Even in Free-For-All, there is never really a sense that dying is achieved by exploiting the games principals. This is how Chivalry 2 remains fun for hours on end with such a simple yet effective gameplay loop. Adding an extra layer of fun filled immersion is the return of “battlecry”. Double tap square to be greeted by the comically brilliant emote options.
Without fail, each spawn into the map will always see your teammates scream to the high heavens. The loose, essentially parody vision of medieval times ties this wonderful world together. Had the Chivalry franchise taken a more serious approach, the results might not be as rewarding. Speaking of rewards, character customization is back with more depth.
As there are no pay-to-win scenarios within Chivalry 2, customization is all about the aesthetic qualities of your chosen class. From engraved long-swords to valiant armor designs, the choices available can achieved naturally via leveling up and saving your in-game currency. Alternatively, “Crowns” can be purchased with real money through the PSN store to acquire specific items earlier.
It should be noted that when given the option to purchase this currency, it is indicated that this option is primarily available as a sign of support for the studio. It may be an obvious statement, but given the good willed nature of Torn Banner Studios and their plan to implement free post launch content, it is nice to have somewhat of a back-and-forth with the developers.

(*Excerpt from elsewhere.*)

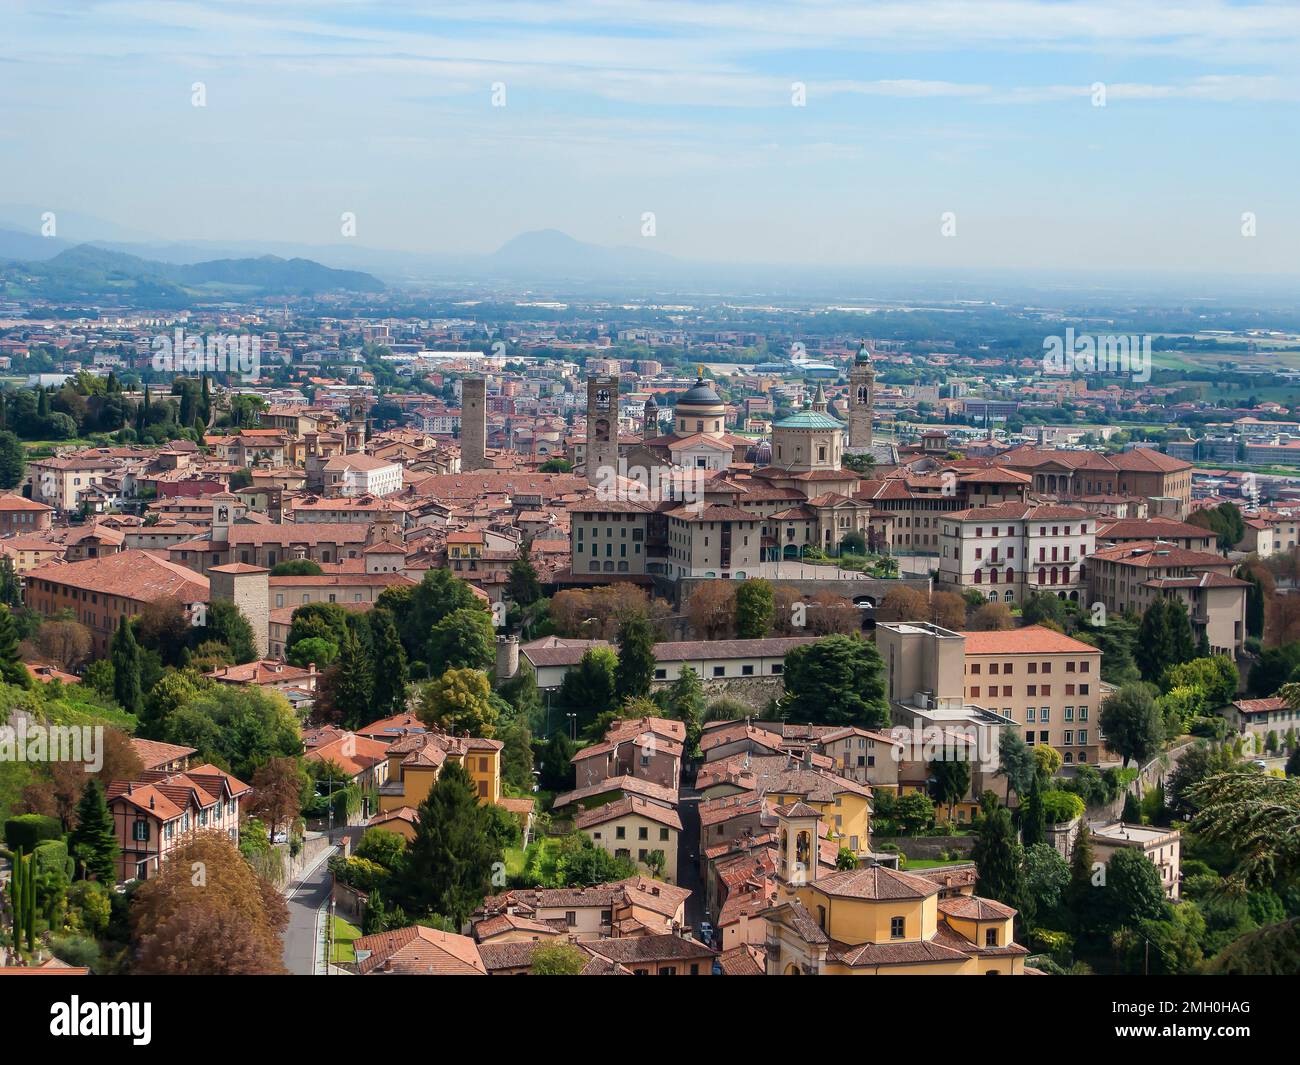 Panoramablick auf die Altstadt, Apenninen und die Padan-Ebene vom Hügel San Vigilio, Bergamo, Italien Stockfoto

This same concept of conversation has been prevalent throughout the closed/open beta phase of release too. Unfortunately, cross-play is not yet functioning as intended. If you’re looking to join your friends on PS4 from your Xbox / PC / PS5, you’ll need to be playing on the same platform as them. Digital purchases from PSN include both the PS4 / PS5 versions, which individually total at around 12gb each. However, not everyone has the convenience of installing two versions which is sure to cause frustration for a lot of squads.
Playing on the PS4 version with my brother did highlight just how much work has gone into making Chivalry 2 work across all generations. Capped at 30FPS on PS4, it may lack the visual sheen and frame-rate boosts from the PS4, yet it still manages to truck along with next to no issues.
Chivalry 2 is extraordinarily blood soaked fun, that can be enjoyed solo or with your merry band of knights. Featuring some of the most addictive combat in any game from the last few years, hours of gameplay are guaranteed to be granted upon entry to these vastly enormous maps. Pick up your sword and fight.
[A review code was provided by the publisher for the purposes of this review.]